WHAT IS EXPECTED:
Going down the listing below, print exactly each line from the one with "10K Gold Moissanite" up to and including the one with "Feb. 25, 2012", and skip the rest.

DATA PROVIDED:
===
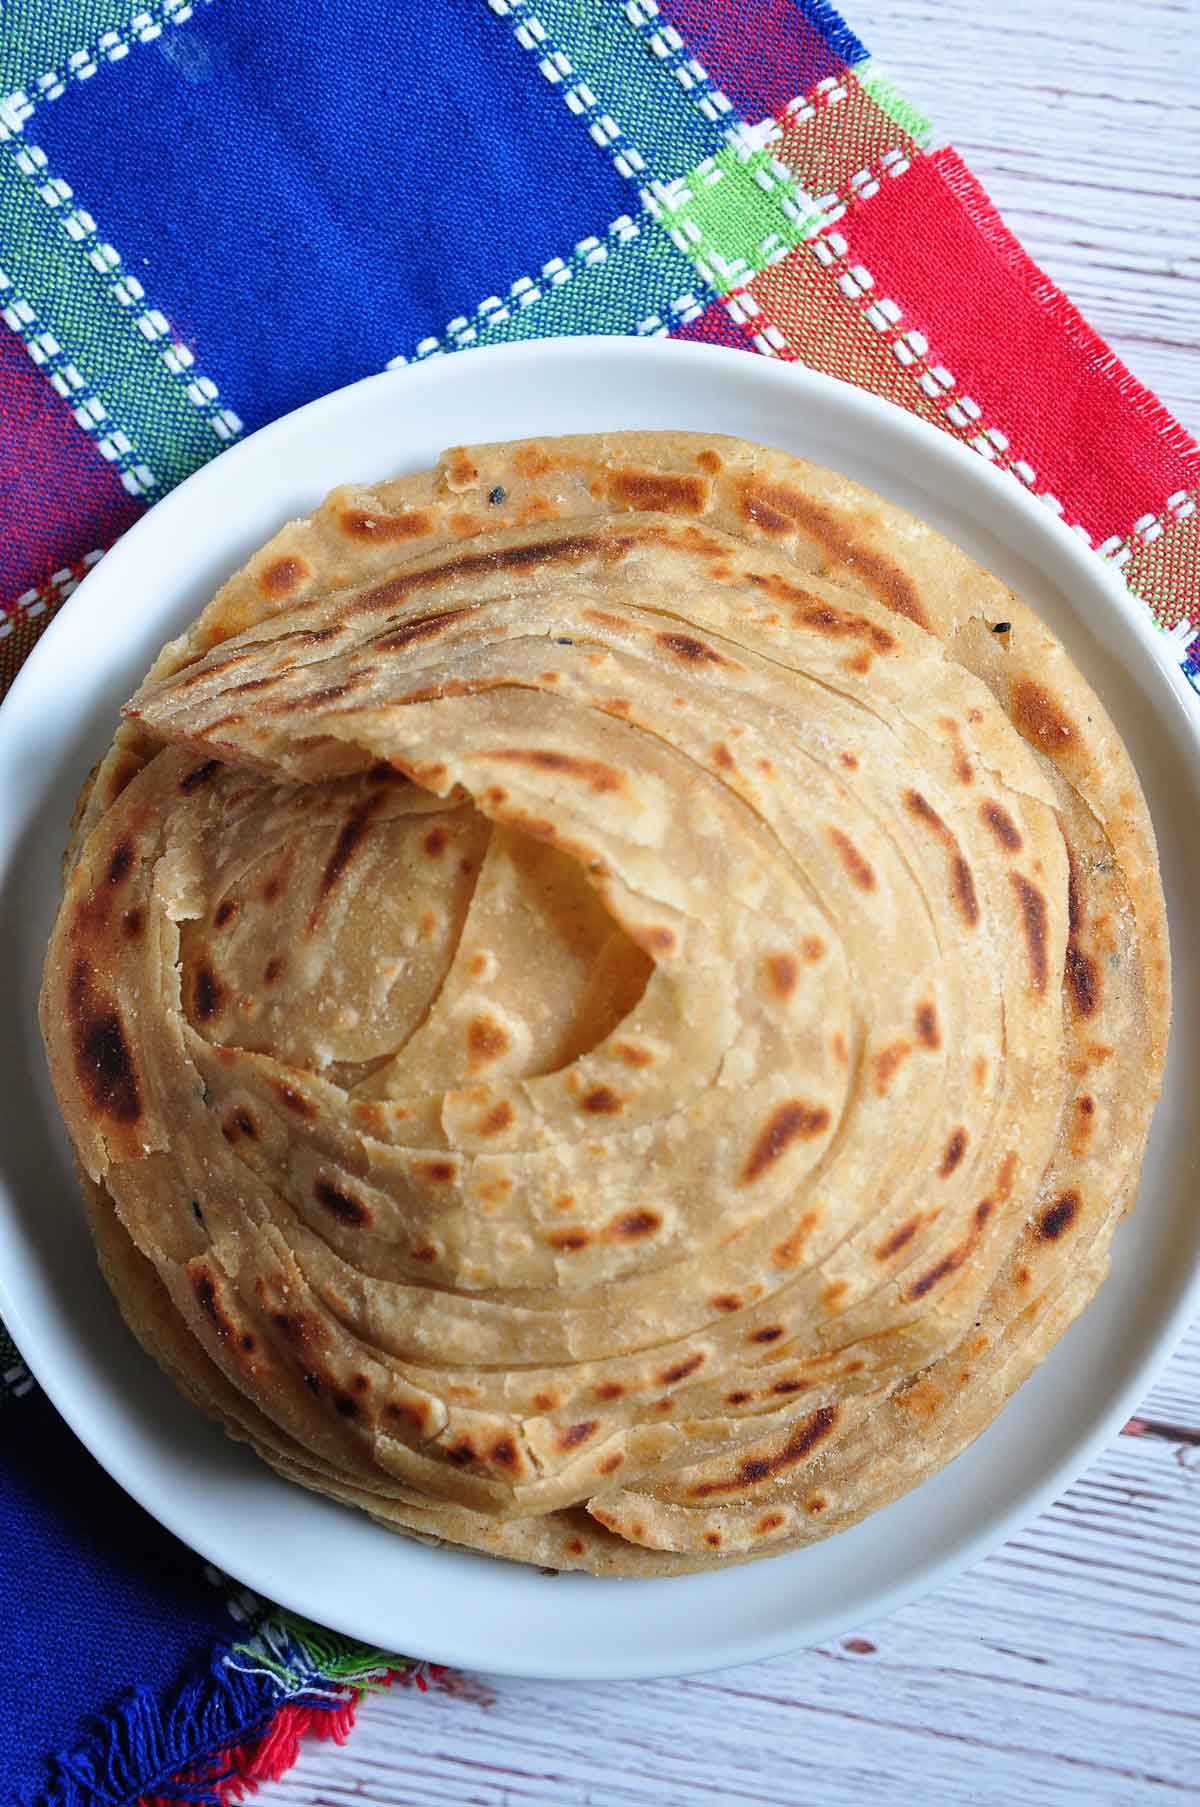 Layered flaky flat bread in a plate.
===
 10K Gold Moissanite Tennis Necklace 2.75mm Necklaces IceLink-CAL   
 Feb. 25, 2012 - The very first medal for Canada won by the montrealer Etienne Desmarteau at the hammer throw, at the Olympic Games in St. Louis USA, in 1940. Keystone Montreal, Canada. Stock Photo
===
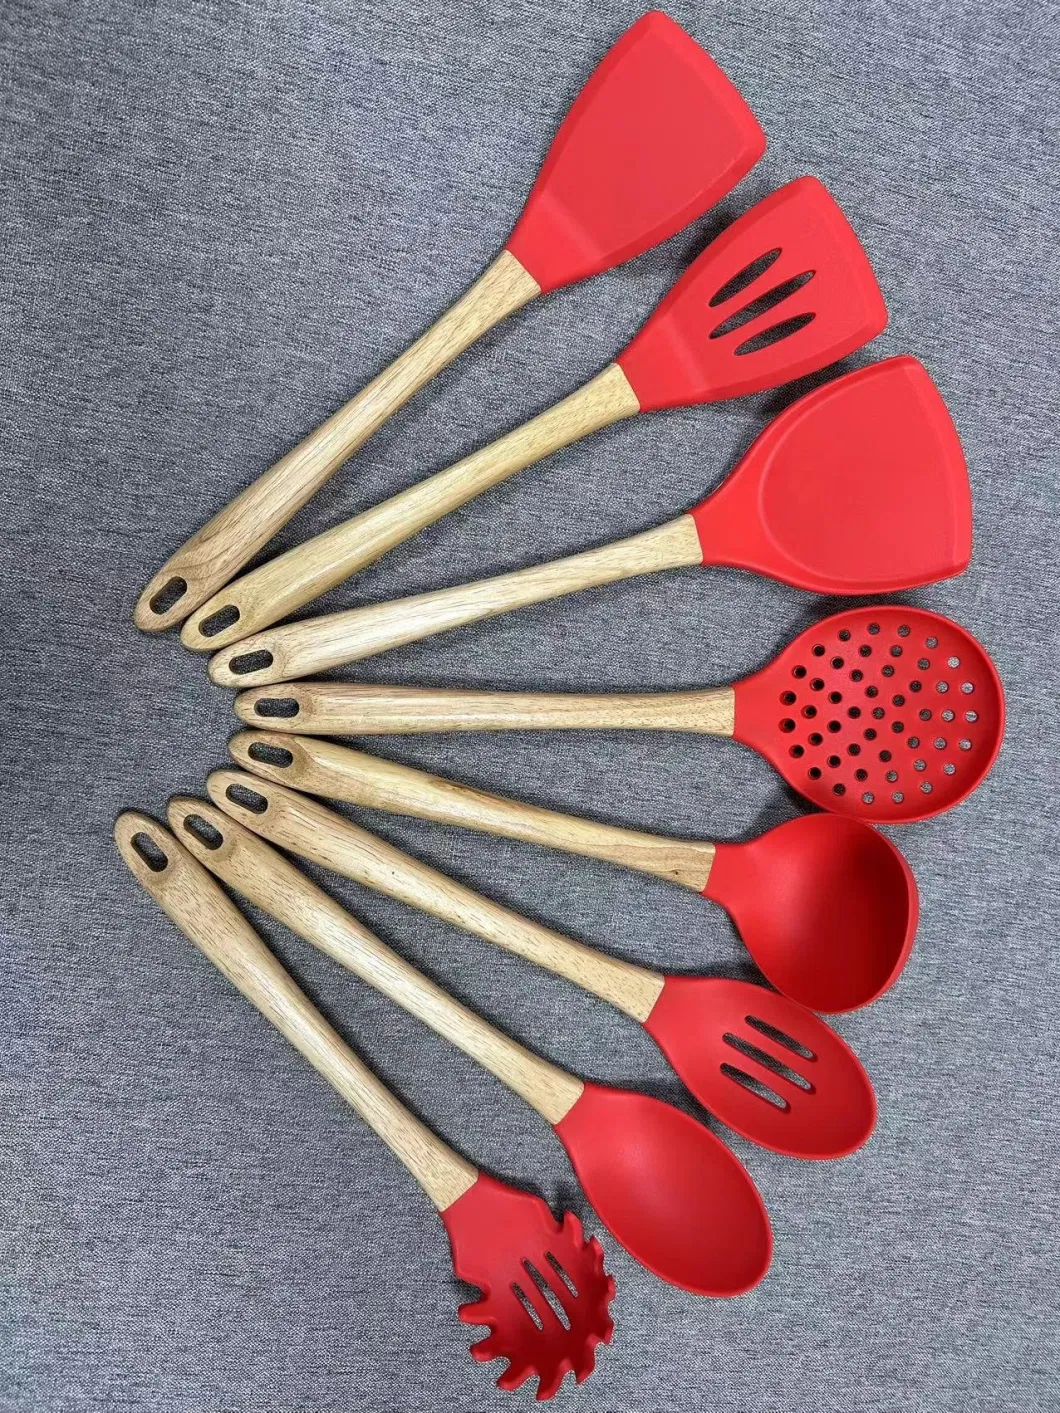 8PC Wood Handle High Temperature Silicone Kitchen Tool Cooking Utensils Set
===
SOLUTION FOR THIS TASK:
 10K Gold Moissanite Tennis Necklace 2.75mm Necklaces IceLink-CAL   
 Feb. 25, 2012 - The very first medal for Canada won by the montrealer Etienne Desmarteau at the hammer throw, at the Olympic Games in St. Louis USA, in 1940. Keystone Montreal, Canada. Stock Photo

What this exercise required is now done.